Welcome to the early developer preview of Python 3.15! This alpha release offers a first look at exciting changes coming to the language. Whether you're a contributor, library author, or just curious about what's next, this Q&A breaks down the key highlights, schedules, and technical improvements in the 3.15 series.
What is Python 3.15.0a4 and why is it notable?
Python 3.15.0a4 is the fourth of seven planned alpha releases in the 3.15 development cycle. It was accidentally built against an earlier codebase (from December 23, 2025) instead of the intended January 13, 2026 snapshot. This led to an extra release, 3.15.0a5, which will be correctly built. Alpha versions are previews meant to help developers test new features and bug fixes; they are not recommended for production environments. Features may be added or modified until the beta phase begins on May 5, 2026, and can be removed up until the release candidate phase on July 28, 2026.
What are the major new features introduced in Python 3.15 series so far?
Several significant additions are already part of the 3.15 development. Among them:
- PEP 799 – A new high-frequency, low-overhead statistical sampling profiler along with a dedicated profiling package.
- PEP 686 – Python now uses UTF-8 as the default encoding across the board.
- PEP 782 – A new PyBytesWriter C API that simplifies creating Python bytes objects from C code.
- JIT compiler upgrades – Significant performance gains: 3–4% geometric mean improvement on x86-64 Linux, and 7–8% speedup on AArch64 macOS.
- Enhanced error messages for better debugging.
More features are expected before the beta phase.
What is PEP 799 and how does it improve profiling?
PEP 799 introduces a statistical sampling profiler designed for high-frequency, low-overhead execution monitoring. Unlike traditional tracing profilers that instrument every function call or line, this sampler periodically inspects the call stack, providing a representative profile with minimal runtime impact. It comes bundled with a dedicated profiling package that makes it easy to collect and analyze performance data.

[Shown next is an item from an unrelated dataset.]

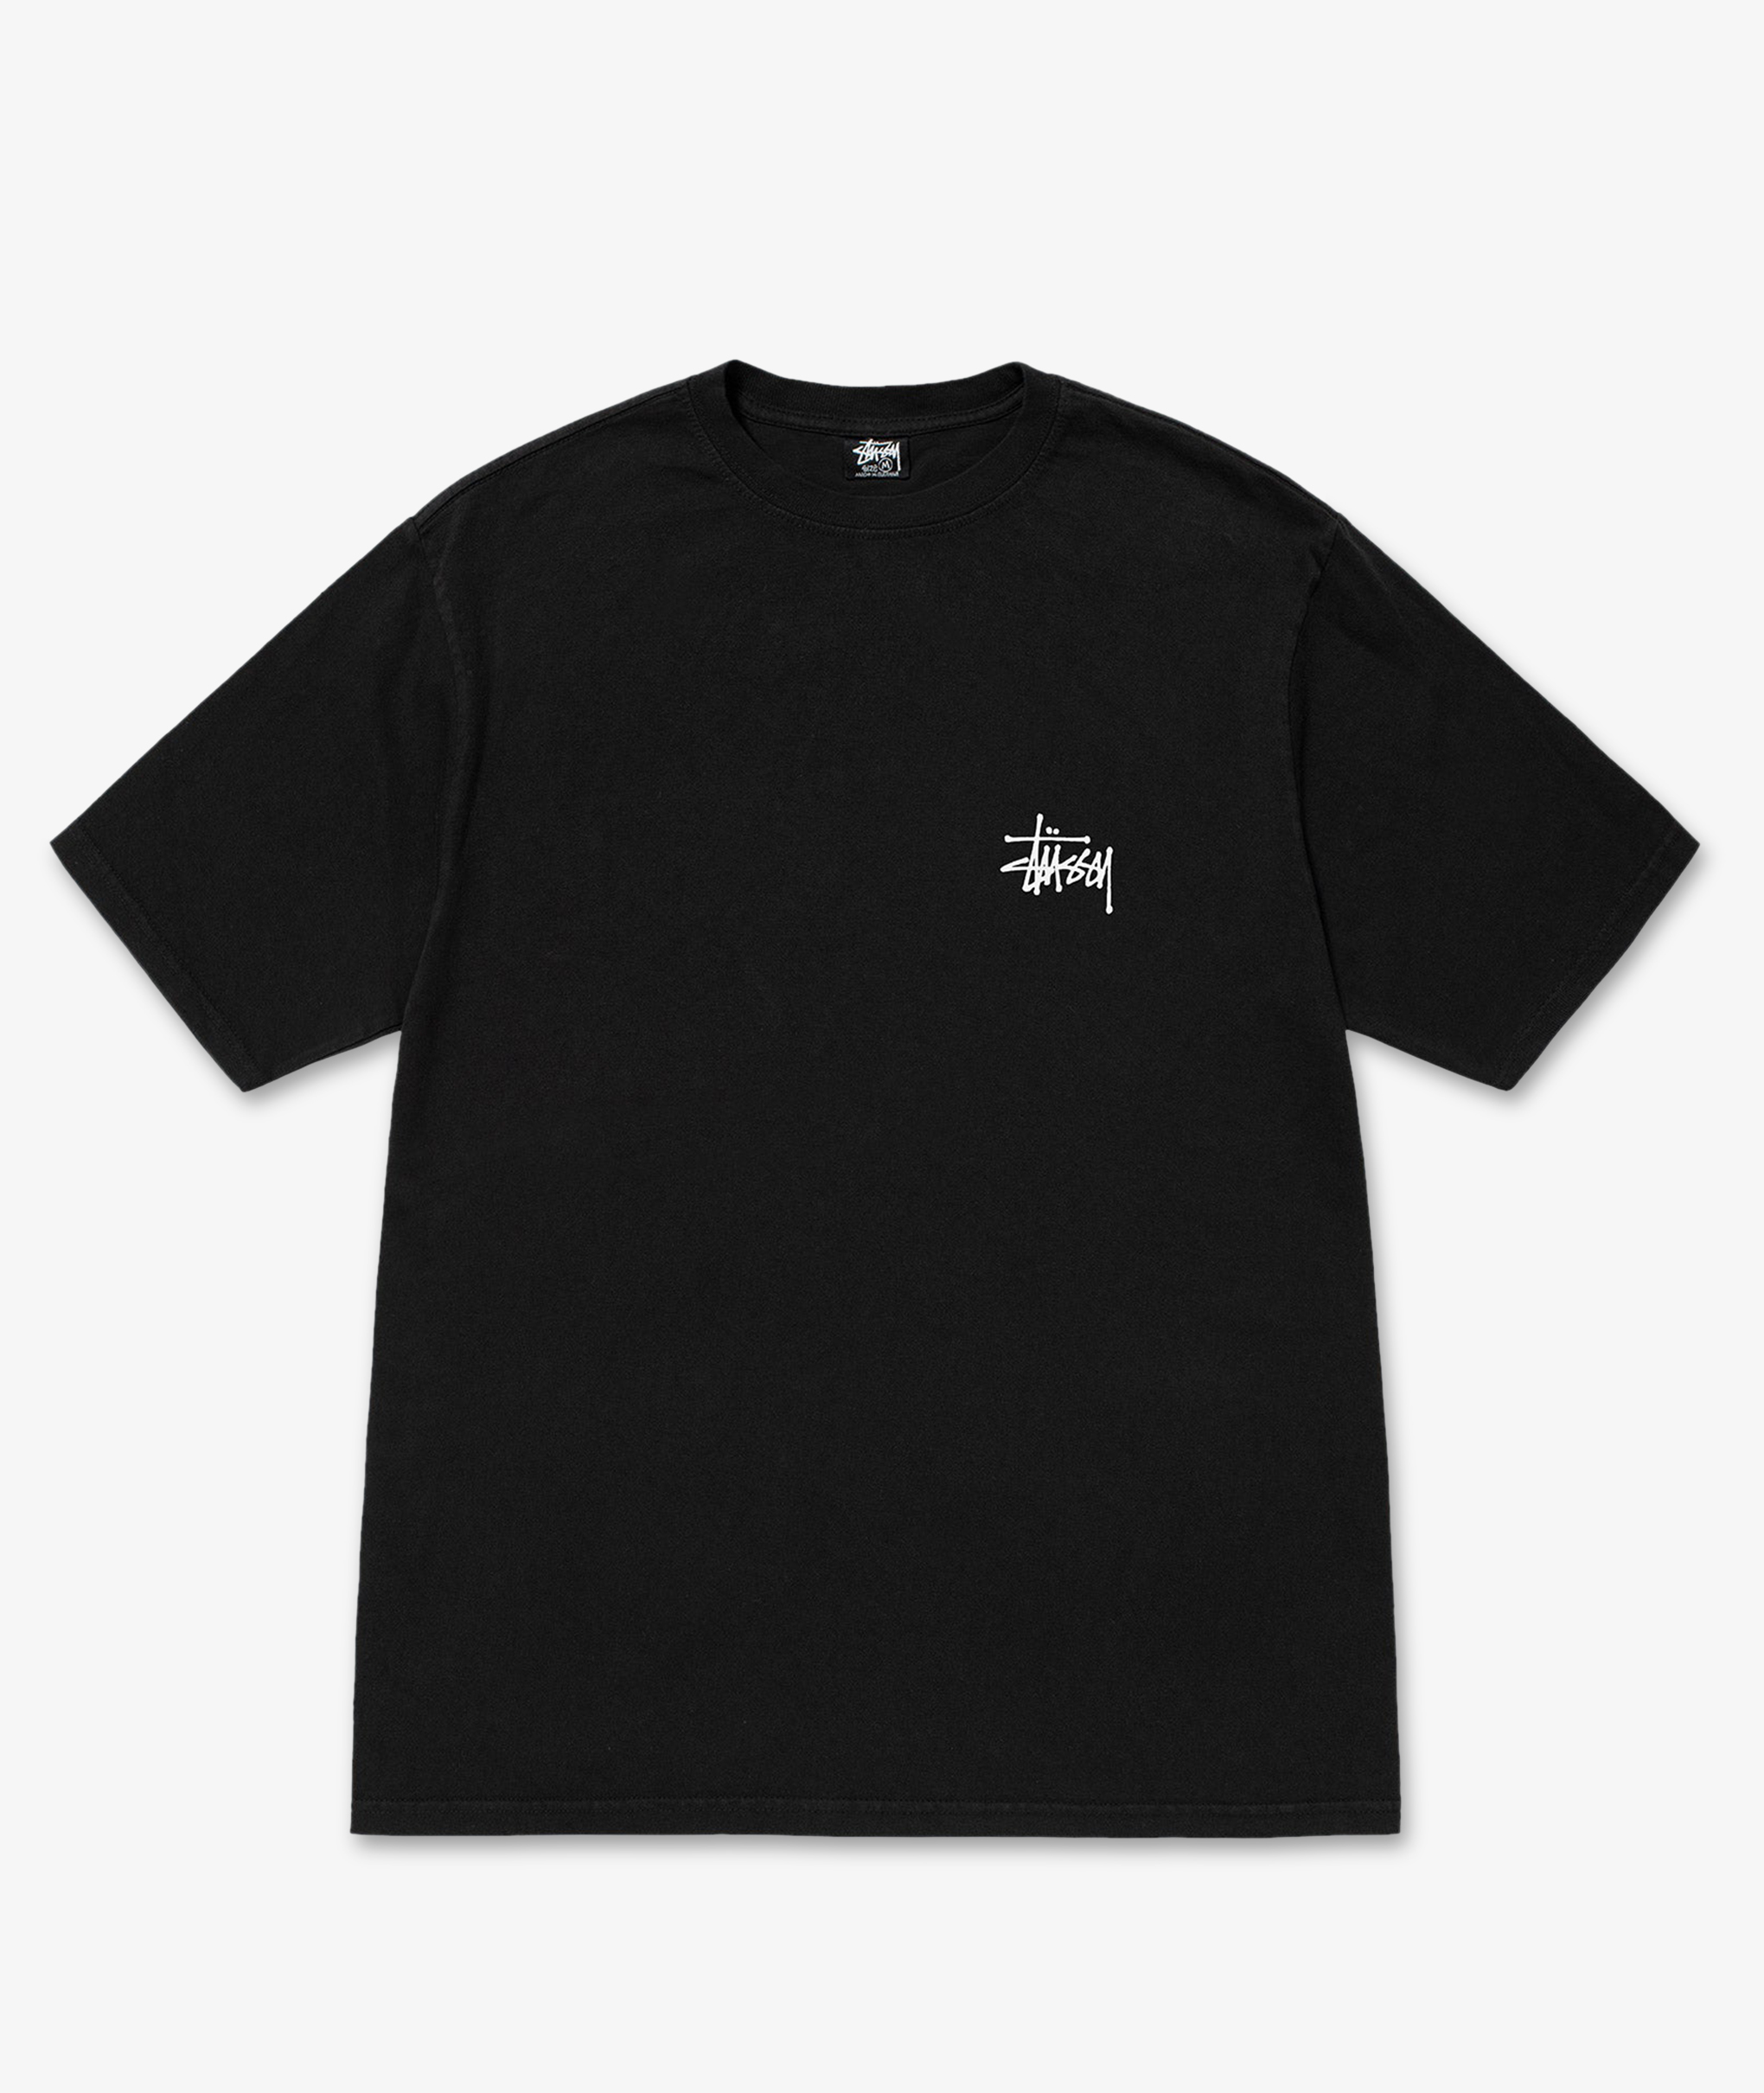 Norse Store | Shipping Worldwide - Stüssy Basic Stussy Pigment Dyed tee ...

This is particularly valuable for identifying hotspots in long-running or production-scale Python applications without significantly slowing them down.
What changes does PEP 686 bring regarding default encoding?
PEP 686 makes UTF-8 the default encoding for Python. Historically, Python used ASCII or locale-dependent encodings, which could cause subtle bugs when reading or writing files with non-ASCII text. Starting with Python 3.15, the default encoding for text files, standard input/output, and many other text operations becomes UTF-8. This change aligns Python with modern best practices and simplifies cross‑platform development, as UTF-8 is now universally supported. Developers who rely on a non-UTF-8 locale may need to explicitly specify an encoding to preserve backward compatibility.
What improvements have been made to the JIT compiler?
The JIT (Just-In-Time) compiler has received a major upgrade in Python 3.15. On x86-64 Linux, the new JIT delivers a geometric mean performance improvement of 3–4% over the standard interpreter. On AArch64 macOS, the speedup is even greater at 7–8% compared to the tail-calling interpreter. These gains come from better code generation, more aggressive inlining, and optimized handling of common bytecode patterns. While still tier-0 (no dynamic optimization), this iteration makes Python more competitive for compute‑intensive workloads without sacrificing compatibility.
What is the release schedule? When can we expect beta and final versions?
The Python 3.15 release schedule follows a predictable cadence. After the seventh alpha (3.15.0a7), the project moves to beta on May 5, 2026. Beta releases freeze feature additions, focusing on bug fixes and stabilization. The first release candidate is expected on July 28, 2026, after which only critical issues will be addressed. The final stable release of Python 3.15 is planned for October 2026. An extra alpha release (3.15.0a5) was created due to the build issue mentioned earlier, but does not change the overall schedule. For full details, consult PEP 790.